Efectivamente, aquela mulher parecia-se comigo. No entanto, e apesar de estar nua, por causa dos tecidos e dos anéis que tinha nos dedos, depreendia-se que devia ter sido uma rainha ou uma grande dama, enquanto que eu não passava de uma pobre rapariga do povo. A princípio minha mãe não compreendeu e ficou a olhar para a gravura com ar aparvalhado. Depois, de repente, pareceu ter descoberto a semelhança e gritou, quase sufocada:

— Não há dúvida alguma! É ela! Vê como eu tinha razão? De quem se trata?

— De Dánae — respondeu o pintor a sorrir.

— E quem é Dánae?

— Dánae é uma divindade pagã…

Minha mãe, que esperava o nome de uma pessoa que tivesse realmente existido, ficou desorientada. Para esconder a sua confusão começou a explicar-me com grandes gestos que eu tinha de me pôr na posição que o pintor indicasse, deitada como a mulher da gravura, por exemplo, ou então de pé, ou sentada, e conservar-me imóvel, sempre na mesma posição, durante todo o tempo do trabalho dele. Rindo, o pintor declarou que minha mãe conhecia o ofício muito melhor do que ele próprio. E logo minha mãe, cheia de vaidade, desatou a falar dos tempos em que era modelo e todos os artistas de Roma a disputavam e lhe elogiavam as formas, lamentando amargamente o facto de ter abandonado esse trabalho. Entretanto, o pintor tinha-me feito estender num sofá ao fundo do atelier, indicara-me a posição, dobrando-me ele próprio as pernas e os braços para lhes dar a atitude requerida. Tudo isto foi feito com uma delicadeza meditativa e distraída. Como se na realidade já me estivesse a ver tal qual pretendia pintar-me. Depois, enquanto minha mãe continuava infatigavelmente a sua conversa. Começou a desenhar numa tela branca que pusera num cavalete. Minha mãe, percebendo que ele já nem sequer a ouvia. Absorvido pelo seu trabalho, perguntou-lhe:

— Quanto tenciona pagar à minha filha por cada hora de pose?

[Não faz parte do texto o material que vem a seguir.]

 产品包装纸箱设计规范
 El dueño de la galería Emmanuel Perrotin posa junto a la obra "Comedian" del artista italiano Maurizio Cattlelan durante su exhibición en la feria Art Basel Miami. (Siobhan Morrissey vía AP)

O pintor disse um preço qualquer sem levantar os olhos da tela. Minha mãe nem se dignou responder-lhe ou discutir com ele. Pegou na minha roupa, que estava nas costas de uma cadeira, e atirou-me violentamente com ela, ordenando:

— Veste-te! O melhor que temos a fazer é irmo-nos embora…

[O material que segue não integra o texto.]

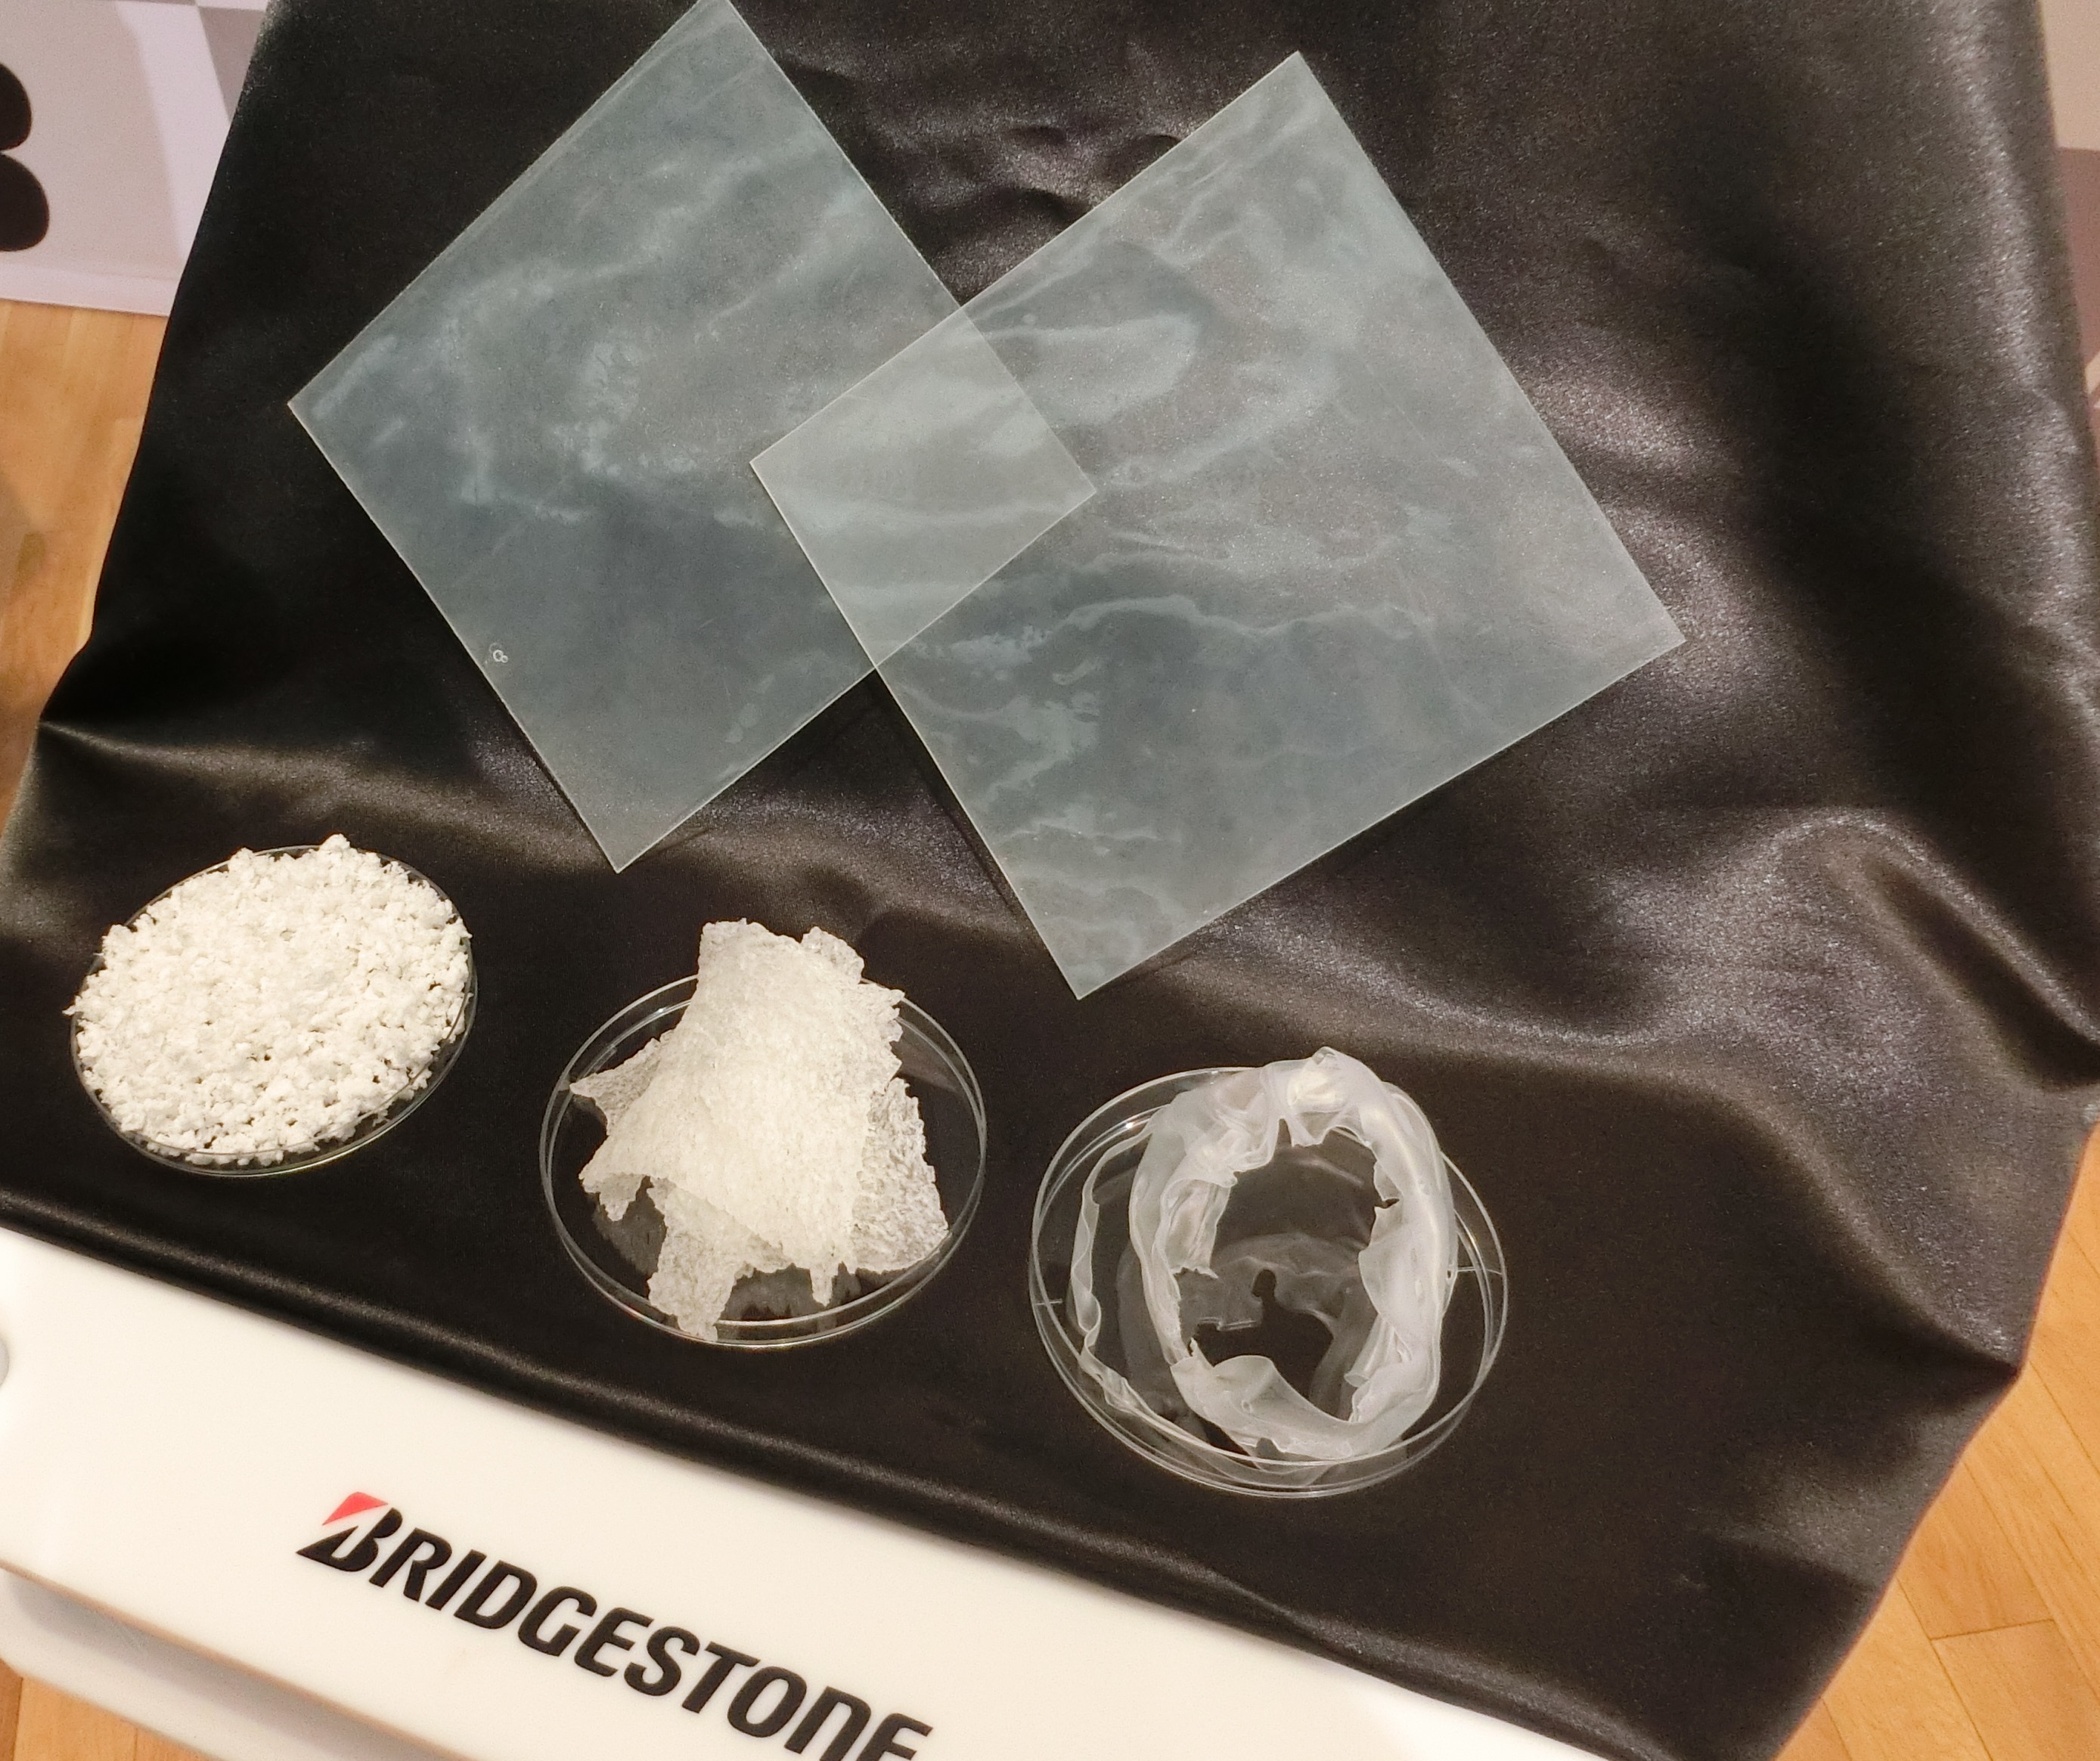 Bridgestone Develops World's First Polymer With Superior Wear Resistance

— Que mosca te mordeu? — interrogou o pintor, estupefacto, parando de desenhar.

— Nada. Nada! — disse minha mãe, que parecia estar cheia de pressa. — Vamos, Adriana. Temos imenso que fazer e não podemos perder tempo!

— Que diabo! — exclamou o pintor. — Se tens uma proposta para me fazer, diz do que se trata e deixa-te de histórias…

Então minha mãe lançou-se numa discussão interminável, gritando que ele era completamente idiota se pensava que podia pagar-me uma ridicularia daquelas, que se não tratava de um destes modelos velhos que a ninguém interessam, mas sim de uma bela rapariga de dezasseis anos, que posava pela primeira vez.